Taking that to heart, but still focusing on the input side, the missing file is a user code file (the same file) in both reported cases. The Pex is a packed VenvPex. A packed VenvPex is a directory containing 4 classes of items:

  1. loose Pex-internal files: PEX-INFO, main.py, __pex__/ import hook package.
  2. loose user-code
  3. a .bootstrap zip of the Pex bootstrap code
  4. 0 or more .deps/*.whl installed wheel zips.

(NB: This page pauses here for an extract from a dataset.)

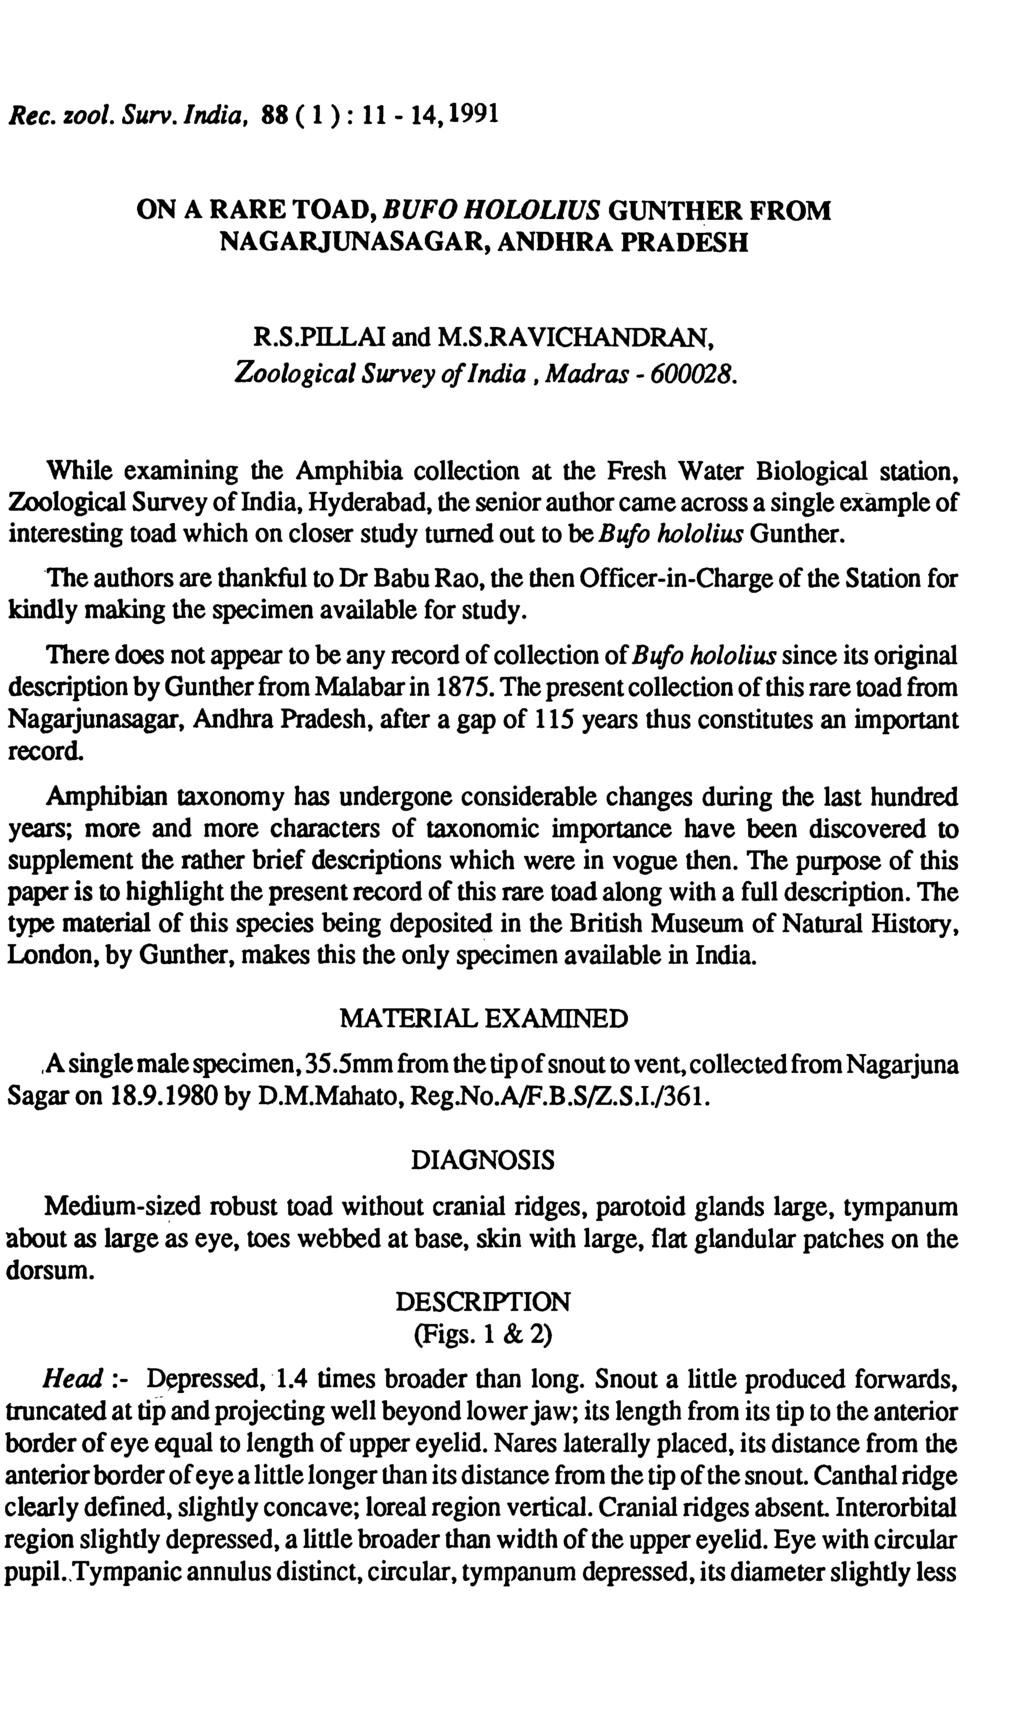 Rec. %001. Surv.lndia, 88 ( 1 ) : 11-14,1991 ON A RARE TOAD, BUFO HOLOLIUS GUNTH;ER FROM NAGARJUNASAGAR,ANDHRAPRADESH R.S.PILLA! and M.S.RA VICHANDRAN, Zoological SJUlIey of India, Madras - 600028.

When such a VenvPex is built, Pants passes --seed to ensure the PEX_ROOT caches are pre-seeded. In the course of seeding a VenvPex from a packed PEX, the packed PEX is 1st installed as an unzipped pex in the PEX root before re-execing from that to do the venv install in the venvs cache under the PEX_ROOT. The unzipped PEX installation has 3 atomic inputs and 1 non-atomic input - the non-atomic one being the user code. That is gathered via an os.walk here: https://github.com/pantsbuild/pex/blob/bfea50d28f875d74607d6cc5ef93271744d9dd7b/pex/layout.py#L274-L289

So, the dest_dir there is an atomic_directory work dir - which is as things should be. But the walk assumes the inputs will be stable. During Pants remote cache speculation however, a remote cache hit beating a local VenvPex build and --seed will issue a SIGKILL to the Pex CLI process and then go through Rust tear down which includes RAII finalization of the sandbox /tmp dir. The Pex CLI process can thus have the sandbox packed PEX dir open for reading while its contents are nuked by the Rust RAII tear-down leading to an os.walk over an empty sandbox packed PEX directory that results in populating the unzipped PEX user_code cache with 0 user code files. From that point on the cache is poisoned and the user code (__df_parser.py) will always be missing when a venv is created or re-created from that PEX_ROOT cache.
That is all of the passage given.